Iran’s government said it had forbidden imports from Saudi Arabia after a cabinet meeting chaired by President Hassan Rouhani on Thursday morning, according to state news agency IRNA.
The cabinet also reaffirmed a ban on Umrah pilgrimages to Mecca - which are both lucrative for Saudi Arabia and important to Muslims - first imposed in April in response to an alleged sexual assault on two male Iranians by Saudi airport guards.
Trade between Saudi Arabia and Iran is small compared with the size of their economies, but tens of thousands of Iranians travel to the kingdom every year to complete the haj as well as Umrah pilgrimages made outside of haj season.
Saudi Arabia severed ties with Iran on Sunday over the storming of its embassy in Tehran, intensifying a diplomatic crisis set in motion by the kingdom’s execution of a prominent Shi‘ite cleric the previous day.
Foreign minister Adel al-Jubeir told Reuters on Monday the kingdom was halting air traffic and trade links with the Islamic republic, although none of the few Saudi companies with interests in Iran has yet announced changes to their operations.
Savola, the kingdom’s largest food products company, which earns some 13 percent of total revenues from Iran, said on Tuesday it plans to maintain its investments there despite the standoff.
But it and the few other Saudi companies doing business in Iran faced increasing public pressure over the course of the week, as consumer and business groups called for boycotts of Iranian products.

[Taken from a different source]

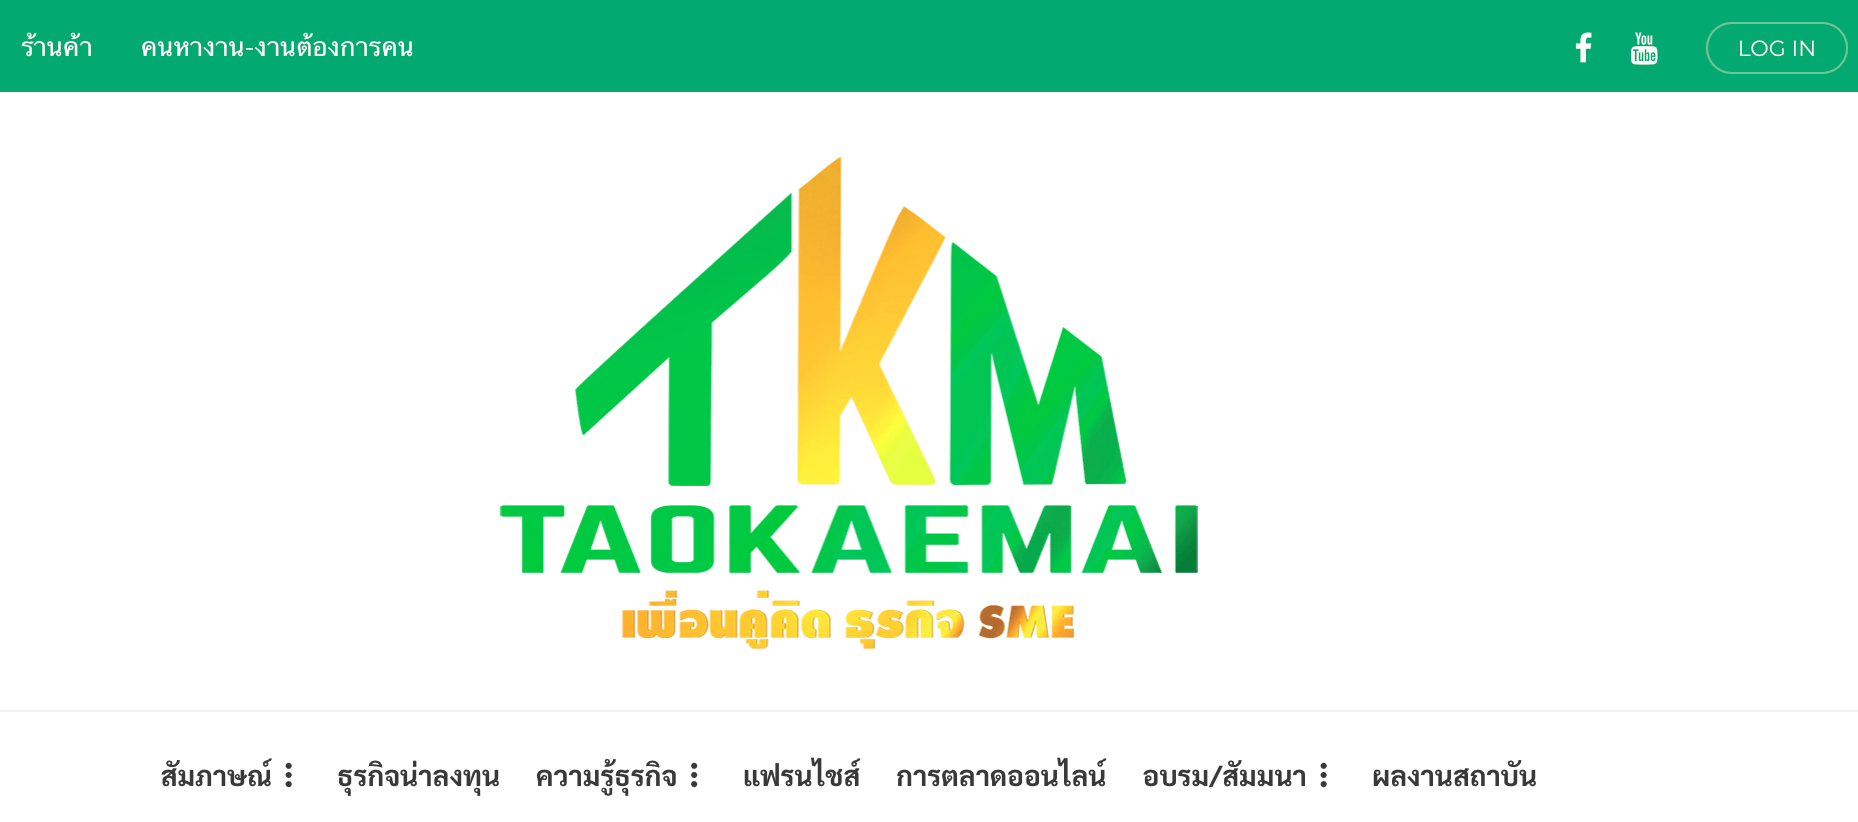 Page365-แหล่งเรียนขายของออนไลน์-Taokaemai.png

Chamber of commerce leaders told local daily newspaper al-Riyadh that Saudi businesses should replace Iranian goods with alternatives from other Arab and Islamic countries.

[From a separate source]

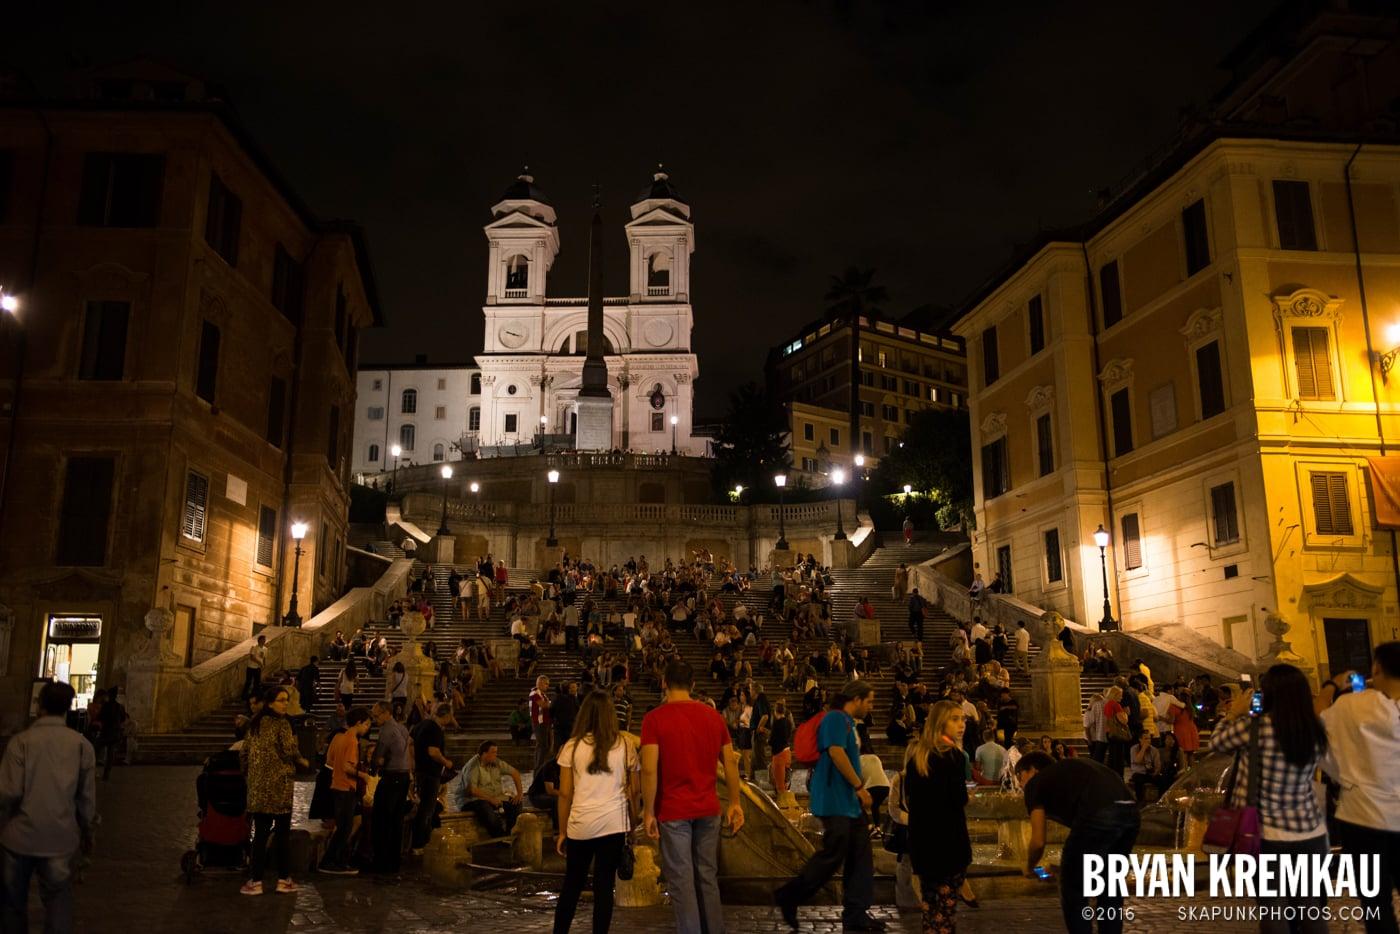 Italy Vacation - Day 3: Rome - 9.11.13 (3)

A trade boycott would cause the kingdom little economic harm, they said, noting that imports from Iran mainly consist of pistachio nuts and pickles.
Consumer activist group Mogatah also urged Saudi businesses to remove Iranian goods from their shelves, posting photos of Iranian products for sale in Saudi Arabia on social media along with calls to support the government’s policy.
The group scolded Swedish home goods retailer Ikea for selling a Persian carpet with a “made in Iran” label at its stores in Saudi Arabia, and applauded a local Riyadh-based carpet shop chain for deciding to end sales of Iranian rugs.